How to complete this task
In the records below, find the line holding "Cloud INSIDE FinTech」で、NRI社員の大倉朝子が登壇" and the line holding "Sardinia Villa Service". Set down both, with every line between them, exactly.
--- START ---
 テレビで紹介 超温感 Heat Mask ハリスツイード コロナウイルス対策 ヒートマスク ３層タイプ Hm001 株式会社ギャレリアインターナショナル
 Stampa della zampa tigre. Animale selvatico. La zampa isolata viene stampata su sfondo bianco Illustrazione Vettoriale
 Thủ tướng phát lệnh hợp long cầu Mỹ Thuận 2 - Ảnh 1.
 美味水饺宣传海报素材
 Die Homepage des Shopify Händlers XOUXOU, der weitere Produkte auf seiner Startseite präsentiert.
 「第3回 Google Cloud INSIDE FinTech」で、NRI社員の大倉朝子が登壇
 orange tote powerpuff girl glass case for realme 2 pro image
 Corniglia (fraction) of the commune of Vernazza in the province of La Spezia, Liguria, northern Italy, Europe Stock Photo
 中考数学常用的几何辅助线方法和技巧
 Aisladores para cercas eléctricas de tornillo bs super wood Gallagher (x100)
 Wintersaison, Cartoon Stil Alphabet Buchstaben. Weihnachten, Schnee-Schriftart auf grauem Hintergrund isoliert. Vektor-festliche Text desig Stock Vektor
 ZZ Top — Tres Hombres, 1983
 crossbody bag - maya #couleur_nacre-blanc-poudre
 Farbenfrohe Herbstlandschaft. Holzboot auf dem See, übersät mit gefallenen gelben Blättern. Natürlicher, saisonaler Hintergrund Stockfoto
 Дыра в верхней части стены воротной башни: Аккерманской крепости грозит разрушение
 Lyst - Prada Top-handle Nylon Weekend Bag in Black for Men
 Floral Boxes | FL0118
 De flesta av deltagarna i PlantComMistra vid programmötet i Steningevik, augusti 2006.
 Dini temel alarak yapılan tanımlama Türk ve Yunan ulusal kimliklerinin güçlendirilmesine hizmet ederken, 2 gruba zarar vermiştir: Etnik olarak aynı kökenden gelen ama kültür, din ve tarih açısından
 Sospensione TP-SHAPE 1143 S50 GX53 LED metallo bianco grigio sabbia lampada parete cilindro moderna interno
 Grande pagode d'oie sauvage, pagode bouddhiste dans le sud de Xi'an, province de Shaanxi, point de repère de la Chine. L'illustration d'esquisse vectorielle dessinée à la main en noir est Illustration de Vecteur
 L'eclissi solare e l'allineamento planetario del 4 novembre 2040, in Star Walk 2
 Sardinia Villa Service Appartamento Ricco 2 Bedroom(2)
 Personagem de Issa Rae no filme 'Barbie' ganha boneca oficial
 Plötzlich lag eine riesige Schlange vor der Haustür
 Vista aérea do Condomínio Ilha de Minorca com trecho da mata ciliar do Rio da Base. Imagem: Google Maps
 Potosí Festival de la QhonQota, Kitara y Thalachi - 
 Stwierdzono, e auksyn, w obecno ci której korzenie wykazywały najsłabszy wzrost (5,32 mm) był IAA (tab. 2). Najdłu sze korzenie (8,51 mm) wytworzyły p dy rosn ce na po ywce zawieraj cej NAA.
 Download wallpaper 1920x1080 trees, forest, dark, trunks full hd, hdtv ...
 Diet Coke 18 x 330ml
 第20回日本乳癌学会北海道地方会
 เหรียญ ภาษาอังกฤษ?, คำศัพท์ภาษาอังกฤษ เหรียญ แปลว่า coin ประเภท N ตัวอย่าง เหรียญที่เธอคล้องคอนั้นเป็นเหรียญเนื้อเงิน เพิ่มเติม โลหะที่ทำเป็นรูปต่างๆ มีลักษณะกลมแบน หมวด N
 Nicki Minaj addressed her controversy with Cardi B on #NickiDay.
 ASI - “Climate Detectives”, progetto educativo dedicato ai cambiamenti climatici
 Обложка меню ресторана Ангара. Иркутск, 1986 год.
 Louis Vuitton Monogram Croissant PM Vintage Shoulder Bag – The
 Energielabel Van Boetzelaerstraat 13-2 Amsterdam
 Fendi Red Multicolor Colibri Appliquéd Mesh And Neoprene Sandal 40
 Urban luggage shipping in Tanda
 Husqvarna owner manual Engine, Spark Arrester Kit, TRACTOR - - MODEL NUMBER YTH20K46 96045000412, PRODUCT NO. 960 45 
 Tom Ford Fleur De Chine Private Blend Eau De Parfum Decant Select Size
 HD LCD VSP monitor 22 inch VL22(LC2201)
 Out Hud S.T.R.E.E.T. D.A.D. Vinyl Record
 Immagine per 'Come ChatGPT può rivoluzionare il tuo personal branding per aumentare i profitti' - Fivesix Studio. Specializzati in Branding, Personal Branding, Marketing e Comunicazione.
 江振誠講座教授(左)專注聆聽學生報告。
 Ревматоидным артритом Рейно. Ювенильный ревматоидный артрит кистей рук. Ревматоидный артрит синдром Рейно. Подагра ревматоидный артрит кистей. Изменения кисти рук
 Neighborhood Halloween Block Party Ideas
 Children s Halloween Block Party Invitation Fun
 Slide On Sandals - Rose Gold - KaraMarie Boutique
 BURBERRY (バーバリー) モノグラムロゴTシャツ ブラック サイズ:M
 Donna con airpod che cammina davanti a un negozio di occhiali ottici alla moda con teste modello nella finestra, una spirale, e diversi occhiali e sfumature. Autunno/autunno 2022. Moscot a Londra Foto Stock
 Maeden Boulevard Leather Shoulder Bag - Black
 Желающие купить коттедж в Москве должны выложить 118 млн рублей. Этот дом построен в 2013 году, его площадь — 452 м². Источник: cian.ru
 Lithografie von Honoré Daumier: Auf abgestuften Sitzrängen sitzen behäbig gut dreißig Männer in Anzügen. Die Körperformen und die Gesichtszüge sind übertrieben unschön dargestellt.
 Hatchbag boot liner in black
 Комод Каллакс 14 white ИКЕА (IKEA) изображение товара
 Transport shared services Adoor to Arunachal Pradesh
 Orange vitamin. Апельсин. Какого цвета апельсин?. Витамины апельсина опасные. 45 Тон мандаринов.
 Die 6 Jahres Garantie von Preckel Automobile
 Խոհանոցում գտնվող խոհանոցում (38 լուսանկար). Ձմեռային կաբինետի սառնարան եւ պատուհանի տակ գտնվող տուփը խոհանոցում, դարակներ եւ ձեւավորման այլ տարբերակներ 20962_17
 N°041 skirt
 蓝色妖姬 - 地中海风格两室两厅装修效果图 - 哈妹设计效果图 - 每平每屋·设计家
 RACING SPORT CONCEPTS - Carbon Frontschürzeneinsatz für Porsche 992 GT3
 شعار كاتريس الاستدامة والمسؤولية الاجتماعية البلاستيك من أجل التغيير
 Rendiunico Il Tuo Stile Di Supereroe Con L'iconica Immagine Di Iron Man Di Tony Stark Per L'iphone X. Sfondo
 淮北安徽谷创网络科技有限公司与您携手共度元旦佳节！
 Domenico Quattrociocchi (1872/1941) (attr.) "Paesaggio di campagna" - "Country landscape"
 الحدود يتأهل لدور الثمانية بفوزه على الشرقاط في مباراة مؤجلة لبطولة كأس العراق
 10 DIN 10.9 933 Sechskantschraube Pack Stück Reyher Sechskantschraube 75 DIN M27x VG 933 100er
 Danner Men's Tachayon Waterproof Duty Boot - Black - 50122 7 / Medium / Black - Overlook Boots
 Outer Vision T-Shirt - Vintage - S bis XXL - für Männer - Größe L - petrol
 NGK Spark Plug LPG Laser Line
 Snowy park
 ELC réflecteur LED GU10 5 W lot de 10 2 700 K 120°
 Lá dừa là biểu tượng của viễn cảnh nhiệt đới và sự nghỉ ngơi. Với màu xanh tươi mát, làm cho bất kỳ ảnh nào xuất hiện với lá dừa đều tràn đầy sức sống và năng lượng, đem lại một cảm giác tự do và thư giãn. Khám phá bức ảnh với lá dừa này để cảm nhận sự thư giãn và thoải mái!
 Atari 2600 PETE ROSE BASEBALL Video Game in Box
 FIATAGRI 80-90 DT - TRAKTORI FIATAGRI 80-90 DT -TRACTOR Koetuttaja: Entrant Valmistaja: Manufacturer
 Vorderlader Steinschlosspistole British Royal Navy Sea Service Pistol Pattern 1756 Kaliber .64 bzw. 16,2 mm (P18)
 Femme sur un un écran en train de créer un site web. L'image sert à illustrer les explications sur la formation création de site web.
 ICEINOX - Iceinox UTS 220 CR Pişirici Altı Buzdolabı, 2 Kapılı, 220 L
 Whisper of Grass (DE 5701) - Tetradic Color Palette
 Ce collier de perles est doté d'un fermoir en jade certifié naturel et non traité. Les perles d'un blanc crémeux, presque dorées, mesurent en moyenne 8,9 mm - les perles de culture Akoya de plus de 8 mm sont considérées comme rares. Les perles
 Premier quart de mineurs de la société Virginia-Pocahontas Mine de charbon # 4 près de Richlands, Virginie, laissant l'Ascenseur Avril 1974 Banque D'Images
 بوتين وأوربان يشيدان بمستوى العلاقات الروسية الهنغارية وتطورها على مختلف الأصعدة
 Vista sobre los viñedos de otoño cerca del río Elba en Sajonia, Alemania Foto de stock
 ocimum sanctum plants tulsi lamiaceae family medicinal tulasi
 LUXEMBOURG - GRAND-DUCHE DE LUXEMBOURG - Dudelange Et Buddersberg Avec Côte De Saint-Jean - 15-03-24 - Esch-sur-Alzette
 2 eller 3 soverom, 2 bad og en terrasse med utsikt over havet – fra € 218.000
--- END ---
Result of this exercise
 「第3回 Google Cloud INSIDE FinTech」で、NRI社員の大倉朝子が登壇
 orange tote powerpuff girl glass case for realme 2 pro image
 Corniglia (fraction) of the commune of Vernazza in the province of La Spezia, Liguria, northern Italy, Europe Stock Photo
 中考数学常用的几何辅助线方法和技巧
 Aisladores para cercas eléctricas de tornillo bs super wood Gallagher (x100)
 Wintersaison, Cartoon Stil Alphabet Buchstaben. Weihnachten, Schnee-Schriftart auf grauem Hintergrund isoliert. Vektor-festliche Text desig Stock Vektor
 ZZ Top — Tres Hombres, 1983
 crossbody bag - maya #couleur_nacre-blanc-poudre
 Farbenfrohe Herbstlandschaft. Holzboot auf dem See, übersät mit gefallenen gelben Blättern. Natürlicher, saisonaler Hintergrund Stockfoto
 Дыра в верхней части стены воротной башни: Аккерманской крепости грозит разрушение
 Lyst - Prada Top-handle Nylon Weekend Bag in Black for Men
 Floral Boxes | FL0118
 De flesta av deltagarna i PlantComMistra vid programmötet i Steningevik, augusti 2006.
 Dini temel alarak yapılan tanımlama Türk ve Yunan ulusal kimliklerinin güçlendirilmesine hizmet ederken, 2 gruba zarar vermiştir: Etnik olarak aynı kökenden gelen ama kültür, din ve tarih açısından
 Sospensione TP-SHAPE 1143 S50 GX53 LED metallo bianco grigio sabbia lampada parete cilindro moderna interno
 Grande pagode d'oie sauvage, pagode bouddhiste dans le sud de Xi'an, province de Shaanxi, point de repère de la Chine. L'illustration d'esquisse vectorielle dessinée à la main en noir est Illustration de Vecteur
 L'eclissi solare e l'allineamento planetario del 4 novembre 2040, in Star Walk 2
 Sardinia Villa Service Appartamento Ricco 2 Bedroom(2)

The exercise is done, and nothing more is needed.